These two nouns were once more distinct from each other, but the line has blurred as common usage continues evolving.
Today, you will not lose meaning or clarity when using either word to refer to something for selection, particularly in spoken English. However, the careful and accurate writer will acknowledge the difference between choices and options and reinforce it in practice.
Perhaps the easiest way to distinguish choices from options is to remember that options are the items or categories from which we choose.
In our sales scenario above, you are making your choice from three options for an inkjet printer.
We can buttress this discussion by continuing your sales scenario.
Let’s say you break down and admit to the salesperson that you received a big bonus at work. You’re open to splurging on an even bigger-ticket item than a new inkjet printer.
You express interest in home entertainment, home fitness, and home décor. The salesperson leads you to these areas, which are options
among which you’ll make a categorical choice. (Another good topic to review in this context is
Among vs. Between. This recent article from January 11, 2017, specifies our grammatical stance on which word to use when writing of two or more people or things.)
On a similar note, a word that can often be switched and confused with option is alternative.
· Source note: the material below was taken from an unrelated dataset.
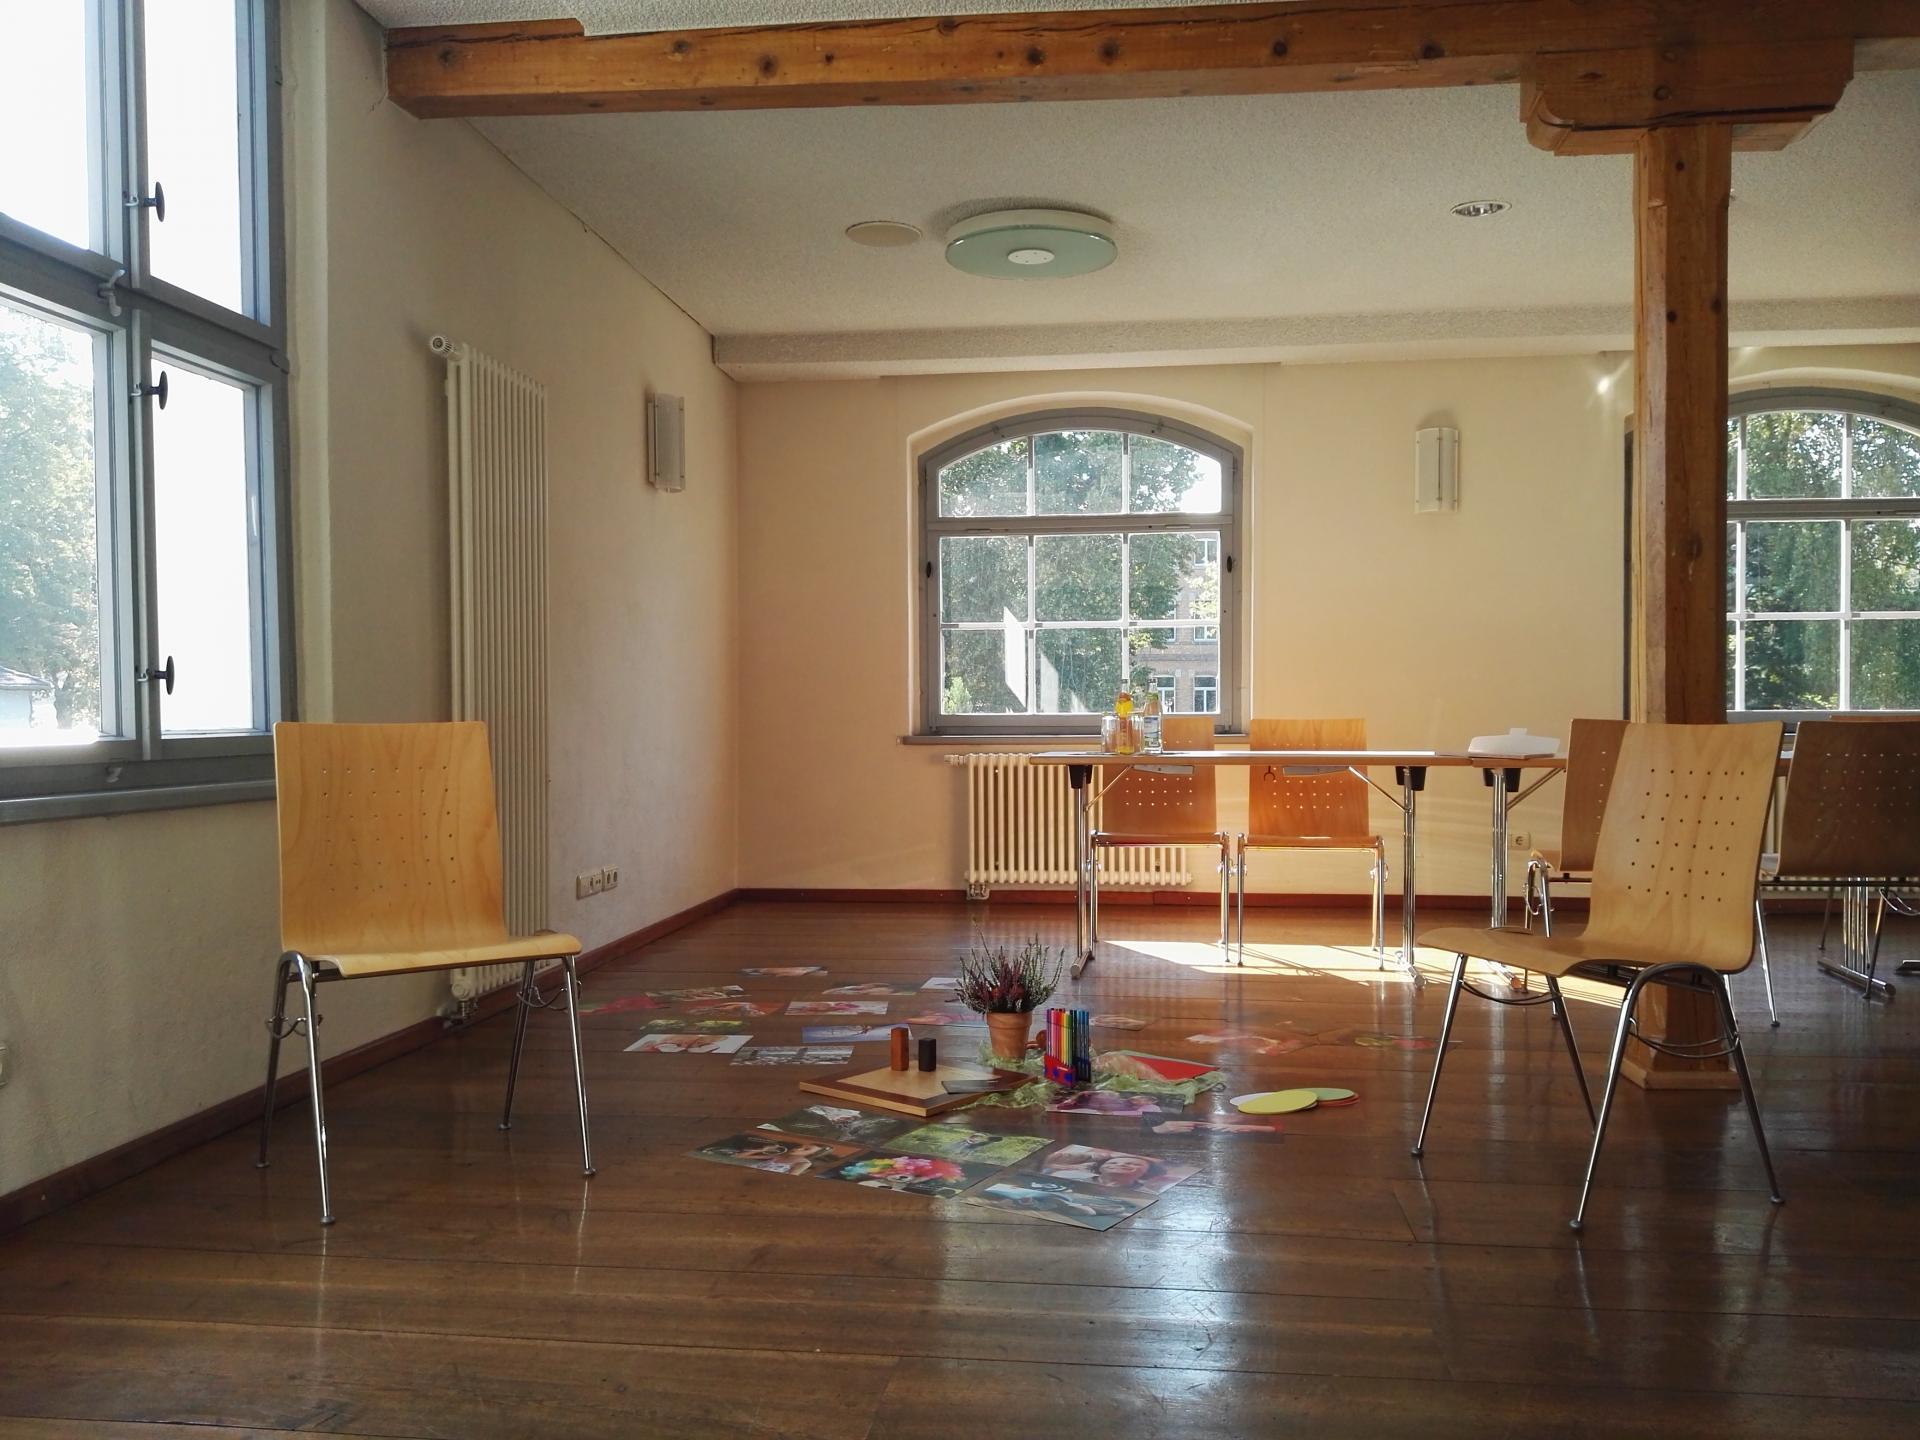 Beratungsraum im Esche-Museum

Like choices and options, these nouns have distinctions.
Alternatives
are the options other than one standing alone within a group of them.
To illustrate, let’s say you chose home entertainment as your option for splurging. Your alternatives to home entertainment would have been home fitness and home décor.
With this reasoning, you will always have one more option than alternatives. In our splurging scenario, you had three options, each with two alternatives.
We developed today’s grammar tip in response to an inquiry from a reader. Do you have a suggestion for a weekly newsletter article on a grammar topic that’s been concerning you? If you haven’t found your answer after searching our English Rules and Grammar Blog tabs, please send your topic idea to newsletter@grammarbook.com.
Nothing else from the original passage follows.